Холодное осеннее небо затянули серые, налившиеся свинцом тучи. Мелкий, острый дождь бил по коже, опаляя ледяным прикосновением. Совсем скоро багряные всполохи листьев сменят голые, тонкие ветки, укрытые белым снегом. Зима готовилась вступить в свои права, мягко и неслышно скользя по земле.

Подняв голову, незряче посмотрела наверх, открыв рот и ловя солоноватые капли. Колючие прикосновения били по телу, обдавая неприятным холодом. И давали то самое, мучительно-сладкое понимание — жива.

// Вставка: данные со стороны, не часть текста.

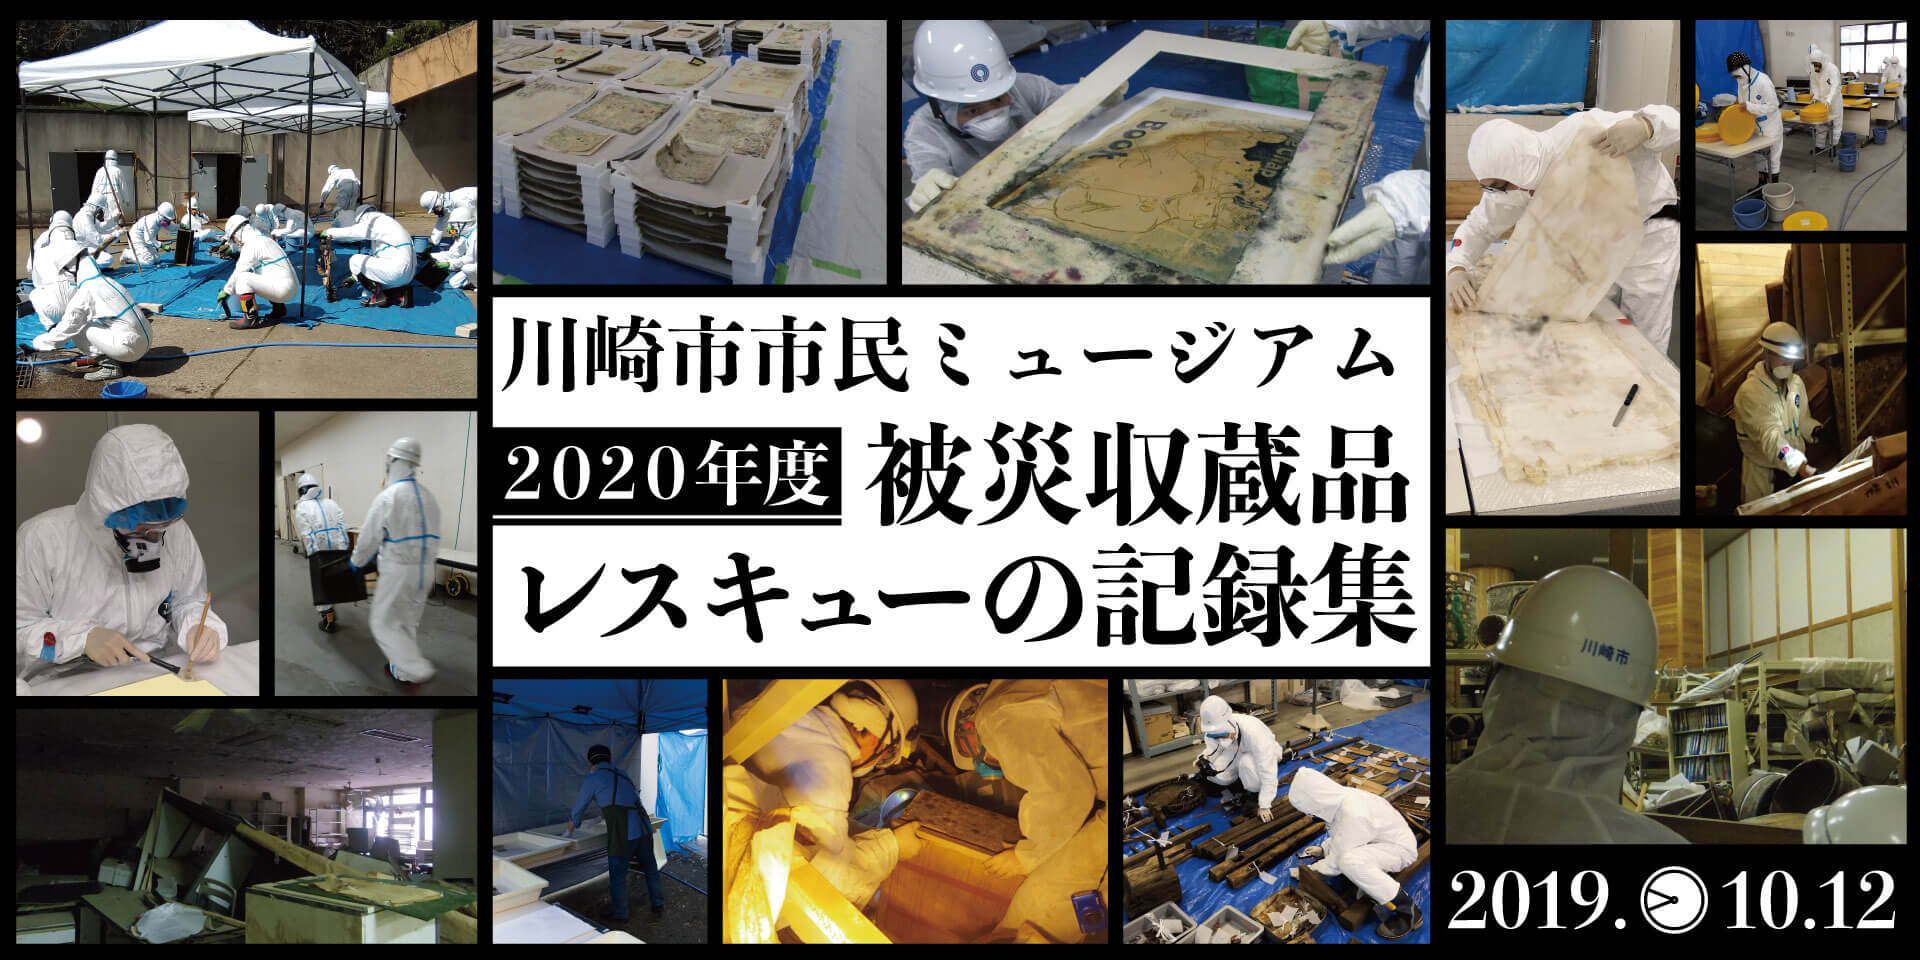 2020年度 川崎市市民ミュージアム 被災収蔵品レスキューの記録集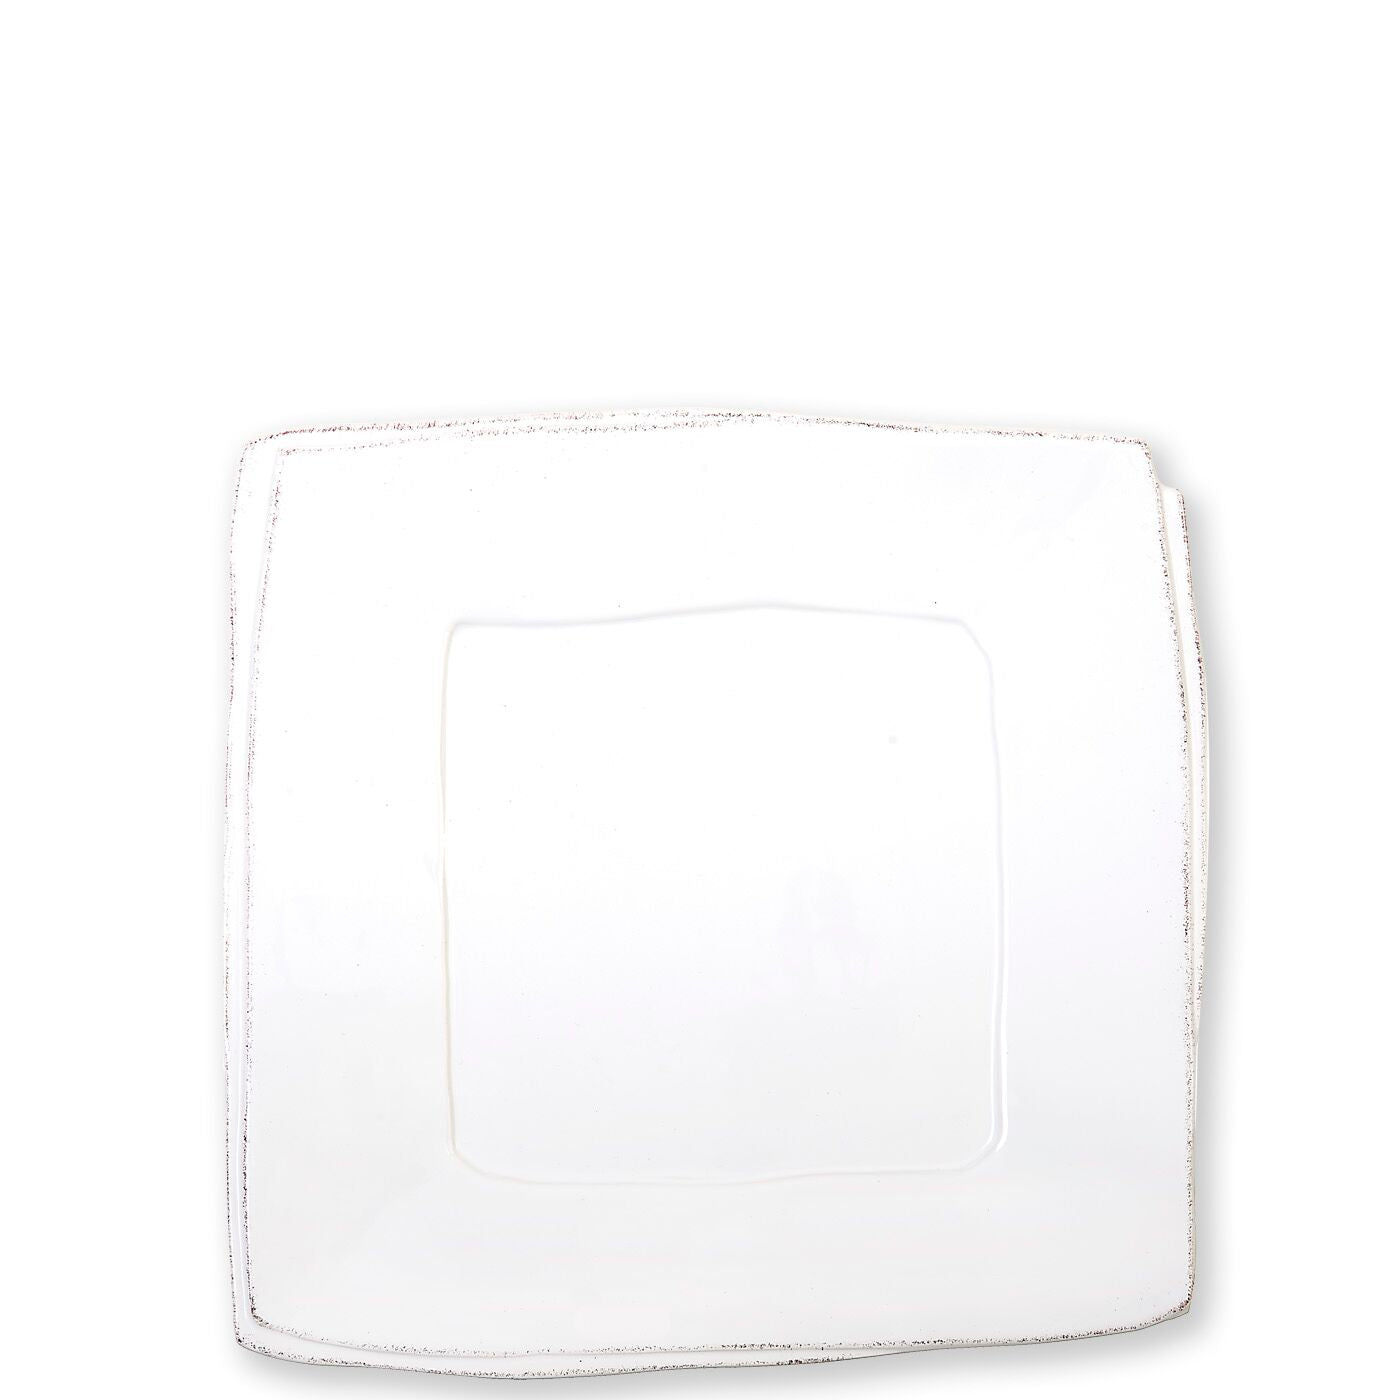 Vietri Lastra White Square Platter, Handmade Stoneware Serving Plate

Хриплый смешок. Живая… А зачем? Для чего? За что?!

Опустив голову, медленно села на землю, не обращая внимания на липкую грязь и острые камни, режущие острыми гранями босые стопы. Подтянув ноги к груди, обхватила их руками, уткнувшись острым подбородком в разбитые в кровь колени. Хотелось кричать. Выть. Плакать. Просить и молить.

Но бесстрастное серое небо не услышит. Хранители забыли про меня, бросив одно из своих творений на произвол судьбы.

Ещё один смешок ободрал повреждённое горло. Хранители… Где они были, когда умирал мой отец? Где были эти проклятые храмовники, когда насиловали и убивали мою мать? Где, где была их грёбаная справедливость, когда острый клинок пробил ещё нерождённое сердце?

И где была та Древняя, в чью честь возносились молитвы и проклятья под сводами нашего дома?!

Они забыли. Не видели. Отвернулись. Бросили. А те, кто когда-то клялся в верности, легко верили звучавшим словам обвинений. И предавали. Раз за разом. Окрашивая в терпкий алый цвет хищно оскалившуюся сталь.

Горький смех. Разодранные пальцы, лишённые ногтей, впиваются в плечи, оставляя грязно-красный след, на светлой, покрытой коркой грязи кожи. Яркой абстракцией улёгшись на фиолетово-синий узор синяков.

— Я одна, совсем одна… Я жива… Жива ли я? — пересохшие губы, покрытые кровью, растянулись в неуместно весёлой улыбке. А слова, безумные, отчаянные, слетали с языка без моего желания.

Меня отпустили. Выкинули, как щенка-приблудыша, на тропу у границы империи, велев никогда и ни при каких обстоятельствах не возвращаться обратно. И презрительно кривясь, лучшие воины Сайтаншесса цедили ругательства, плюя в мою сторону. В спину ребёнка, в один миг, по чужой прихоти, оставшегося сиротой.

Неслыханная милость со стороны Повелителя. Только что мне с этой милости?

Ни семьи. Ни дома. Ни клана, что встал бы за меня горой. И израненная душа, острыми осколками режущая изнутри, жаждущая мести. Долгой, кровавой, вдумчивой, изобретательной.

Но мести. И не тем, на остриё мечей которых подняли тела моих родных, нет. Хотя и не откажу себе в удовольствие спросить с них за это. За излишнюю прыть в исполнении чужого приказа, за кровь матери на моих руках, за мёртвые глаза отца, за…

За брата, так и не увидевшего мир. Я спрошу с них сполна. Я…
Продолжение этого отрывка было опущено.